Meier, F., Koehler, N. D., Brunner, A.-D., Wanka, J.-M.-H., Voytik, E., Strauss, M. T., et al. (2021). Deep learning the collisional cross sections of the peptide universe from a million experimental values. Nature Communications, 12(1): 1185. doi:10.1038/s41467-021-21352-8.


Cite as: https://hdl.handle.net/21.11116/0000-0008-AAFF-A
Abstract
The size and shape of peptide ions in the gas phase are an under-explored dimension for mass spectrometry-based proteomics. To investigate the nature and utility of the peptide collisional cross section (CCS) space, we measure more than a million data points from whole-proteome digests of five organisms with trapped ion mobility spectrometry (TIMS) and parallel accumulation-serial fragmentation (PASEF).

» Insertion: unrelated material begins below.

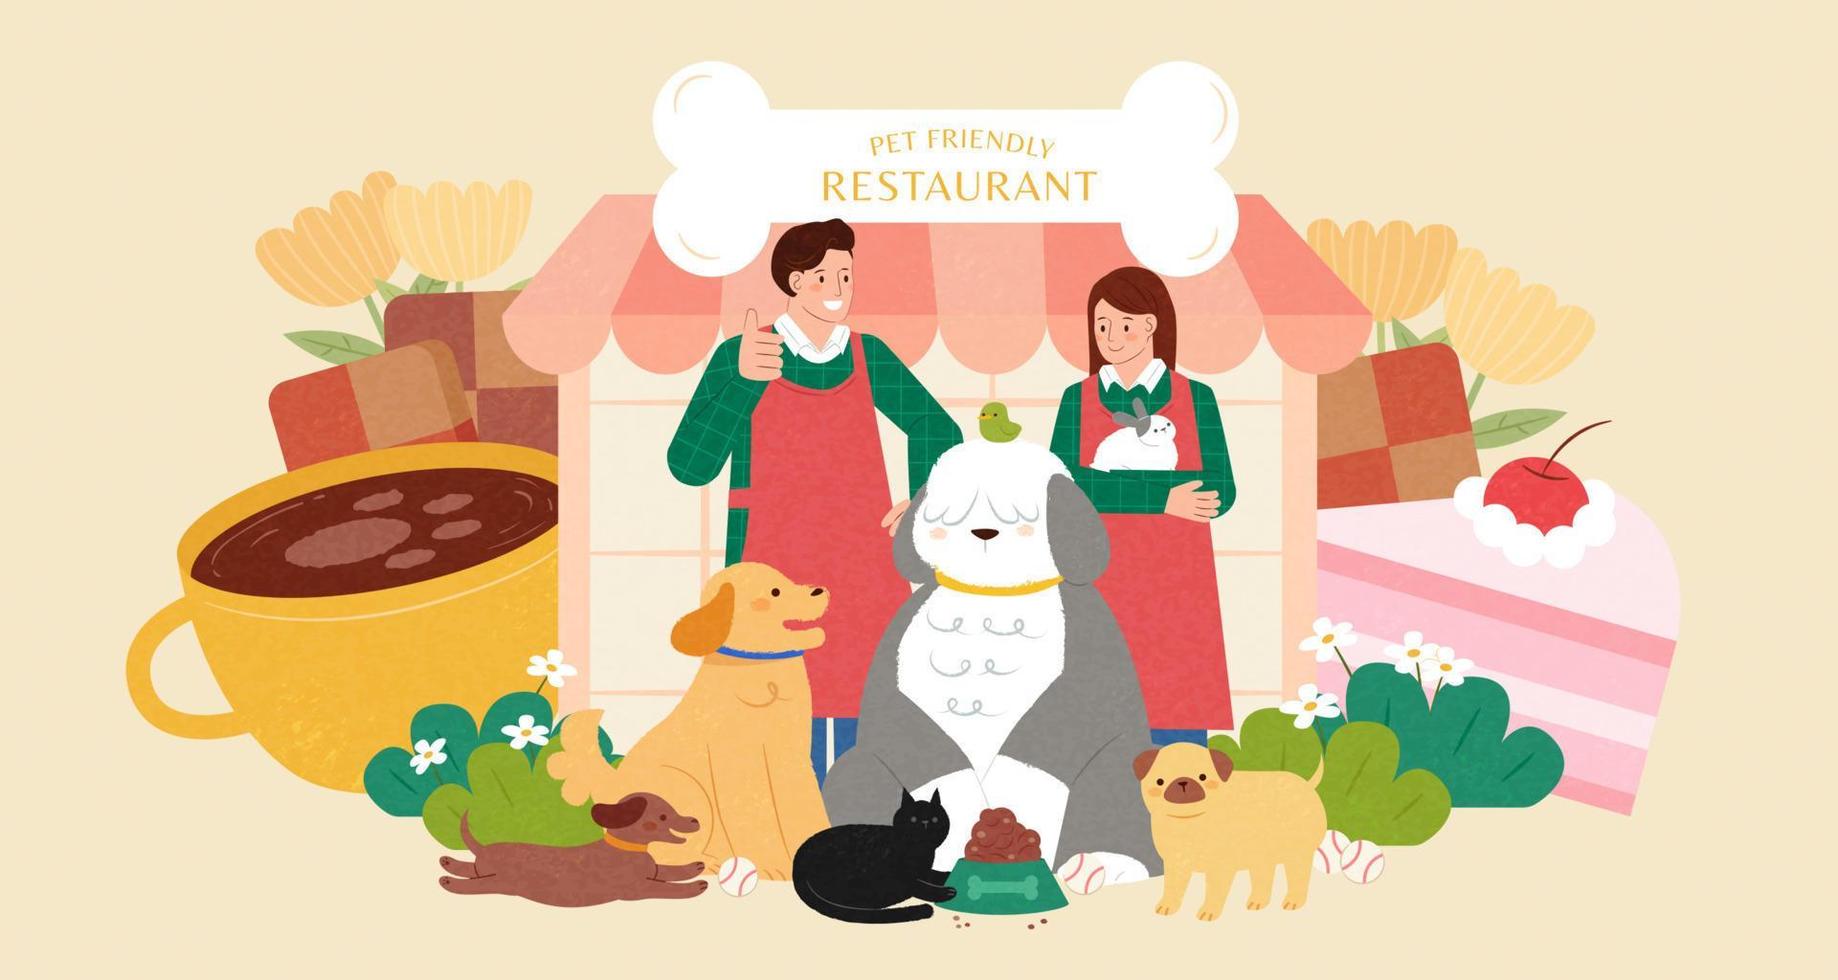 Pet friendly restaurant. Flat illustration of pet friendly cafe owners welcoming different types of domestic animals to visit at the entrance vector
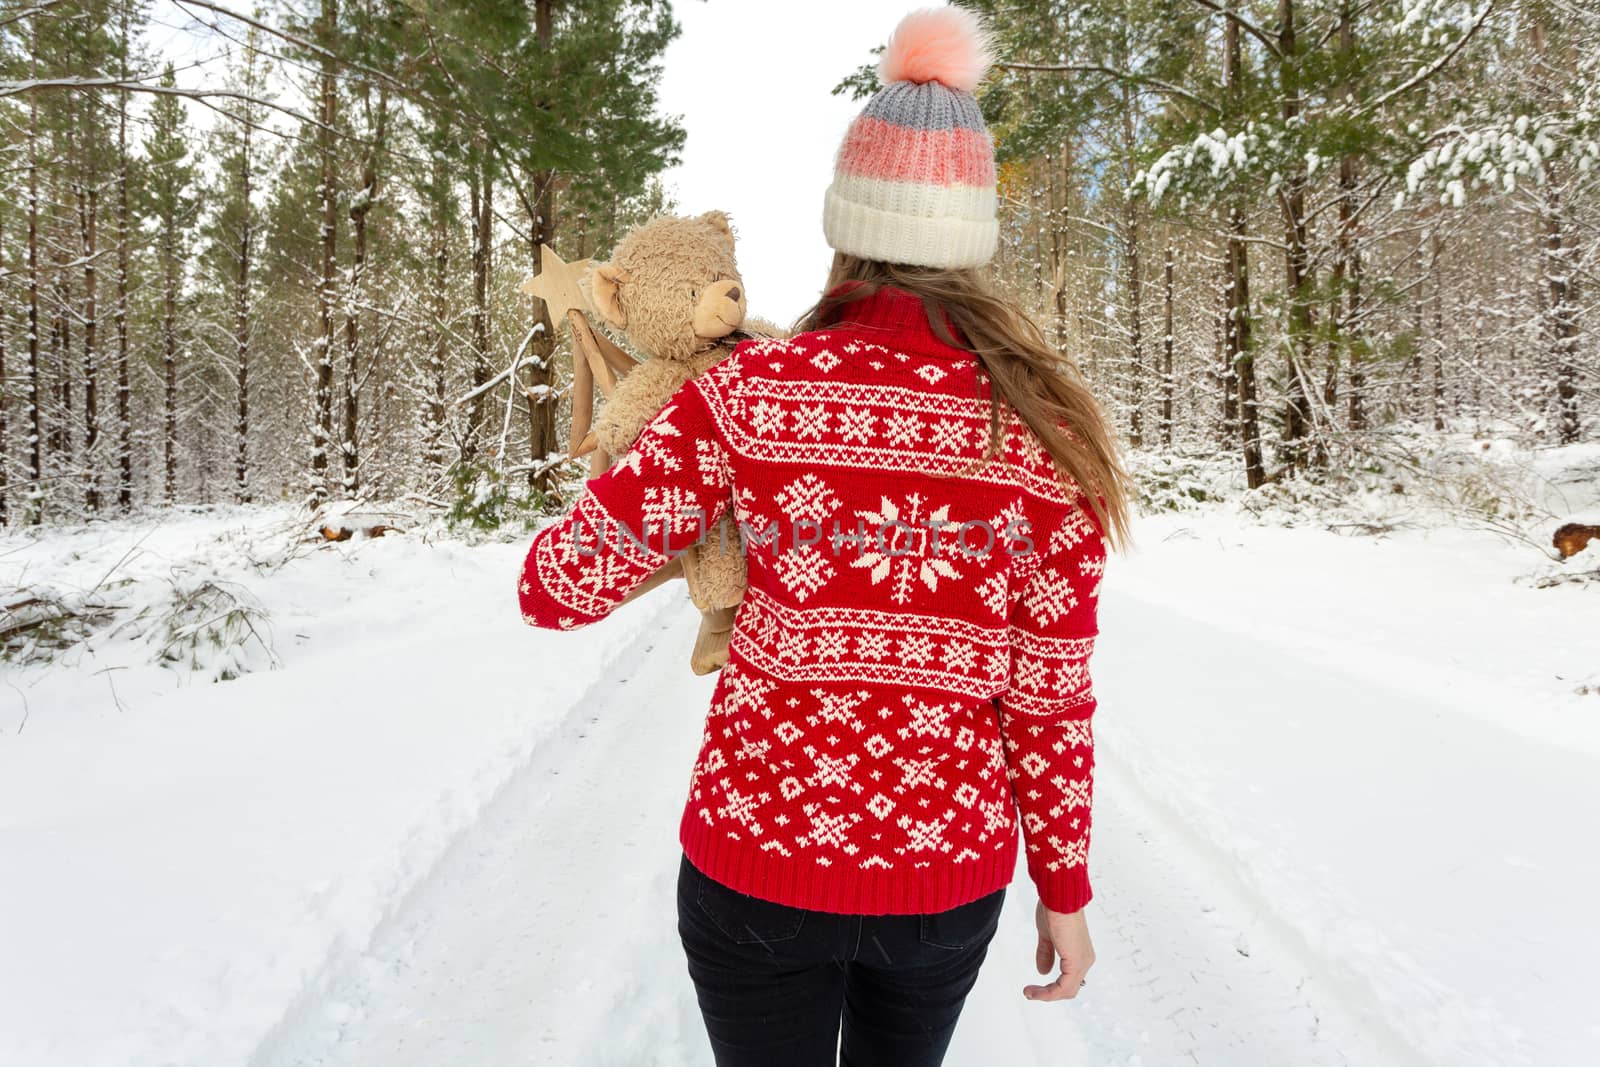 Woman in  snow covered pine plantation forest in winter time.  She is wearing a red and white knitted sweater and wearing a beanie.

The scale and precision (CV<1%) of our data is sufficient to train a deep recurrent neural network that accurately predicts CCS values solely based on the peptide sequence. Cross section predictions for the synthetic ProteomeTools peptides validate the model within a 1.4% median relative error (R>0.99). Hydrophobicity, proportion of prolines and position of histidines are main determinants of the cross sections in addition to sequence-specific interactions. CCS values can now be predicted for any peptide and organism, forming a basis for advanced proteomics workflows that make full use of the additional information. Proteomics has been advanced by algorithms that can predict different peptide features, but predicting peptide collisional cross sections (CCS) has remained challenging. Here, the authors measure over one million CCS values of tryptic peptides and develop a deep learning model for peptide CCS prediction.